Problem to work on =>
Leaving all pictures aside, copy exactly the lines from the start of the listing below through the line that contains "Don’t forget to", and only those lines.

Source data =>
::::

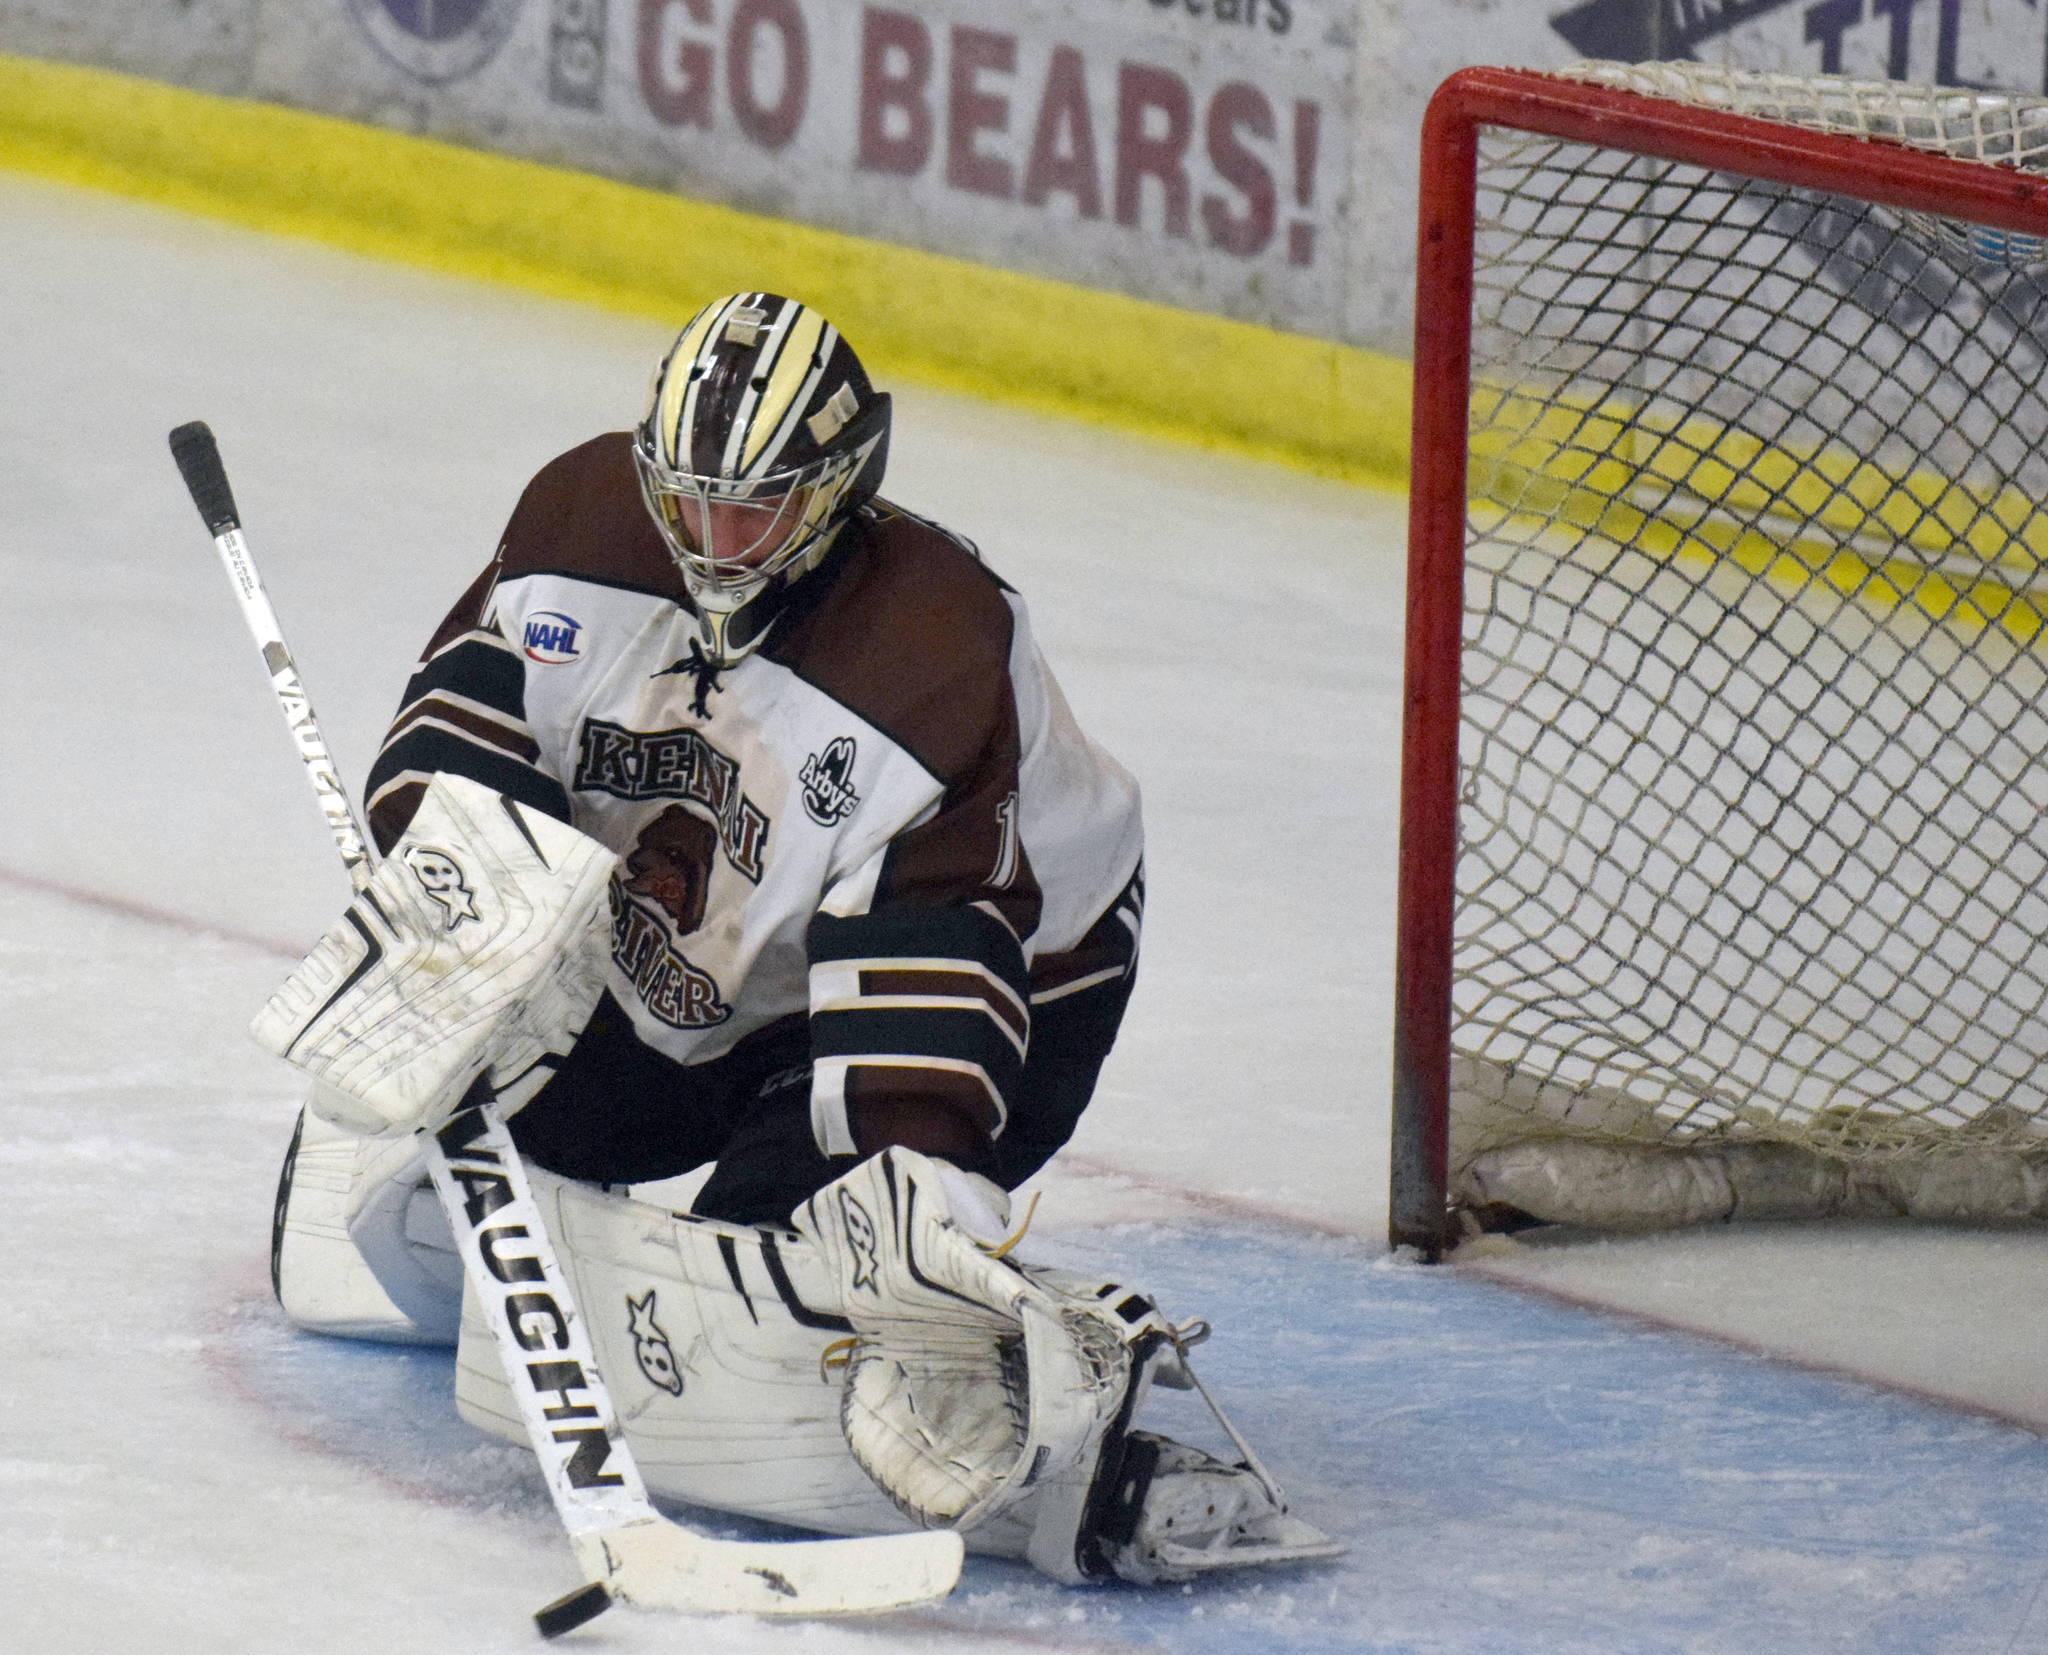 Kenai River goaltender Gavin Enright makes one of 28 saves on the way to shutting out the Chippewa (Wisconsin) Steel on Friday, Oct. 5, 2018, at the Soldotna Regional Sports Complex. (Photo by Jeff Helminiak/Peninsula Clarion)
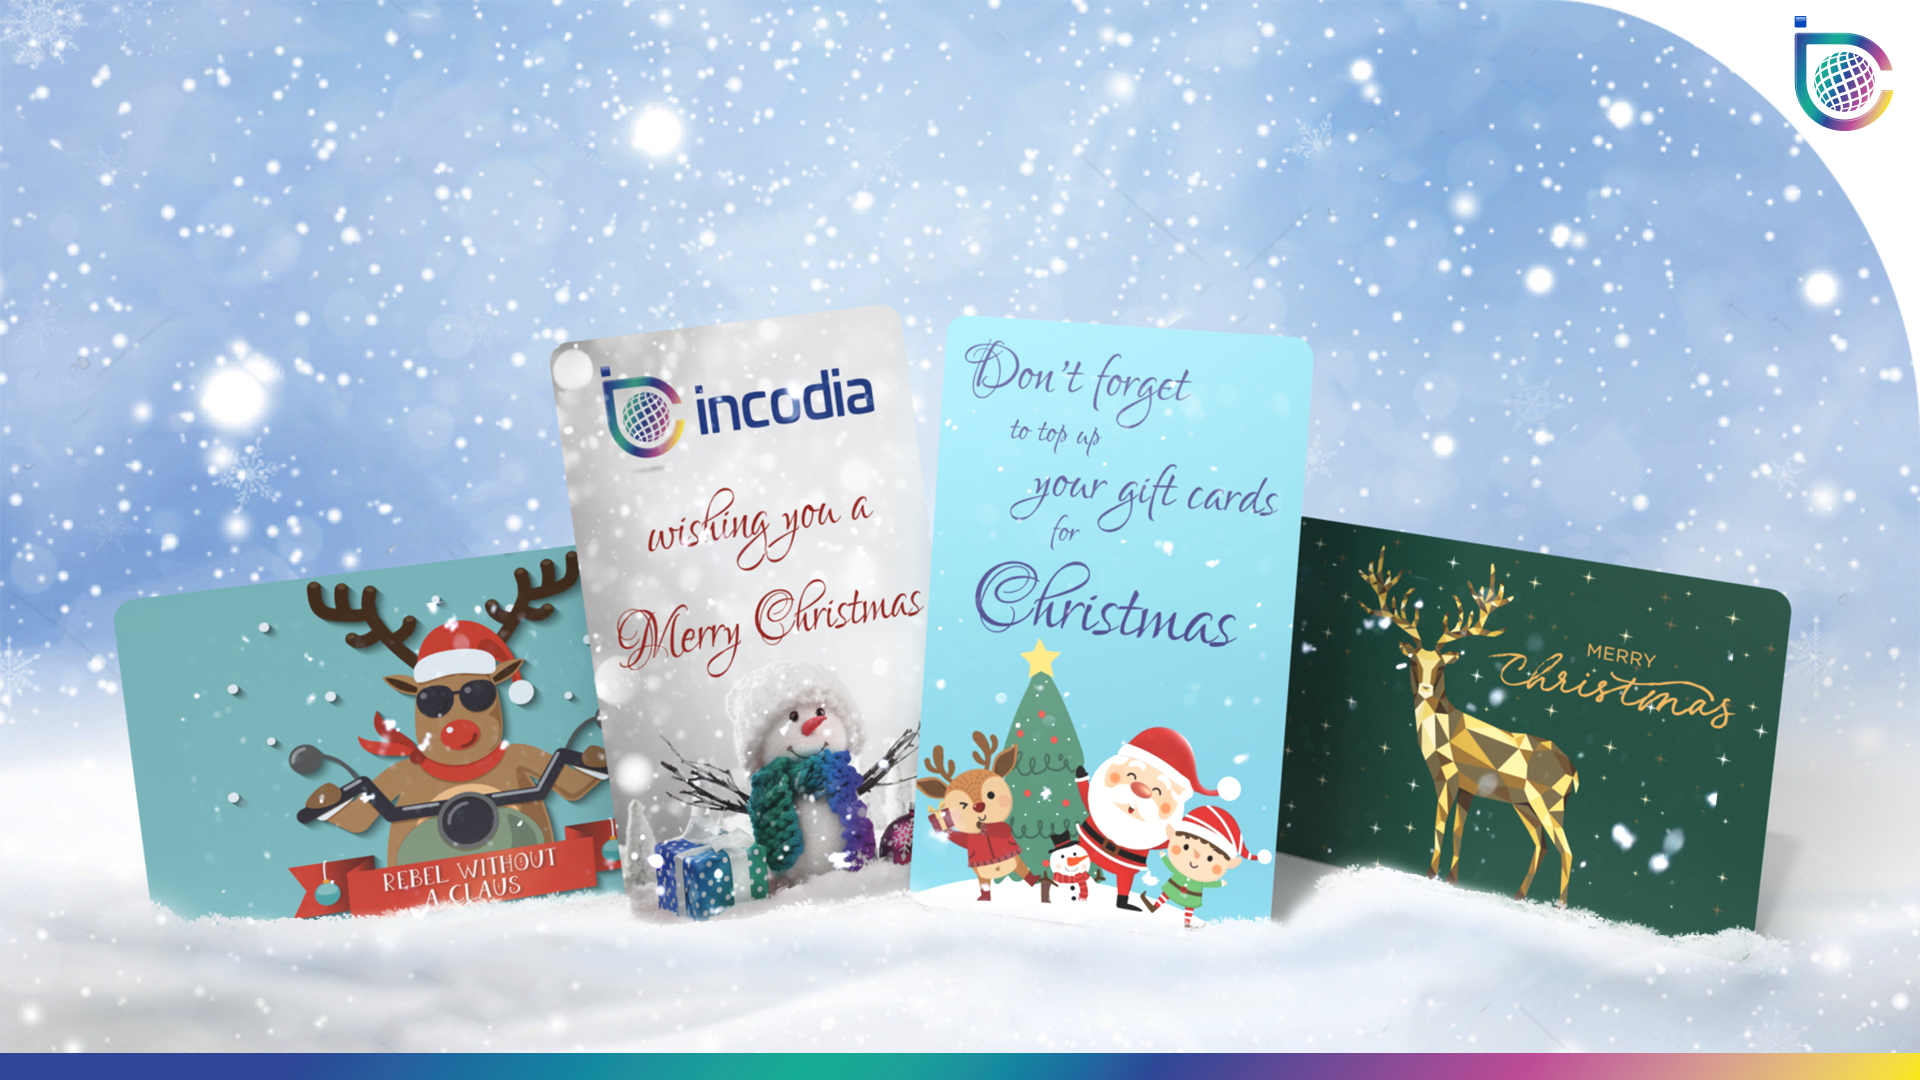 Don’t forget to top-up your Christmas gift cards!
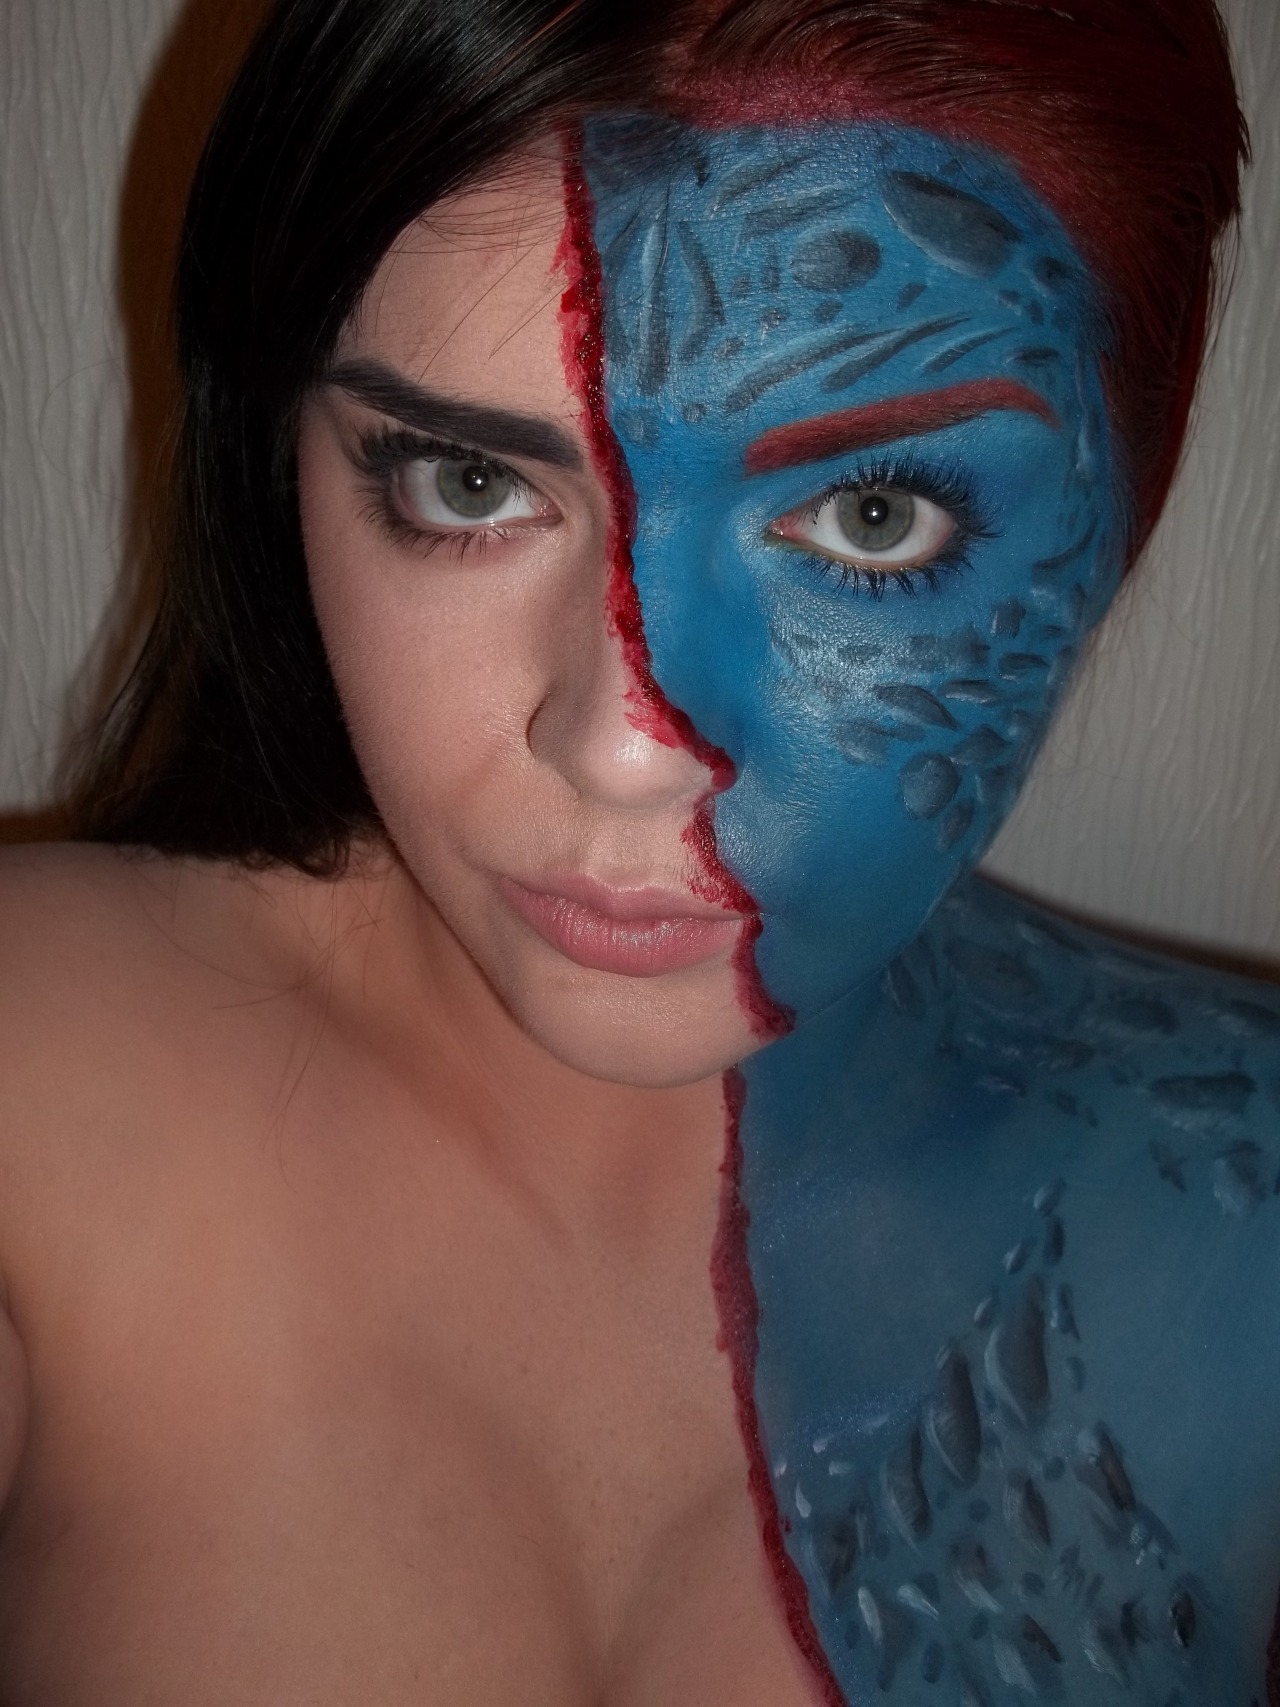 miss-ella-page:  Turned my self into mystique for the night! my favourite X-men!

::::

Your response =>
 Kenai River goaltender Gavin Enright makes one of 28 saves on the way to shutting out the Chippewa (Wisconsin) Steel on Friday, Oct. 5, 2018, at the Soldotna Regional Sports Complex. (Photo by Jeff Helminiak/Peninsula Clarion)
 Don’t forget to top-up your Christmas gift cards!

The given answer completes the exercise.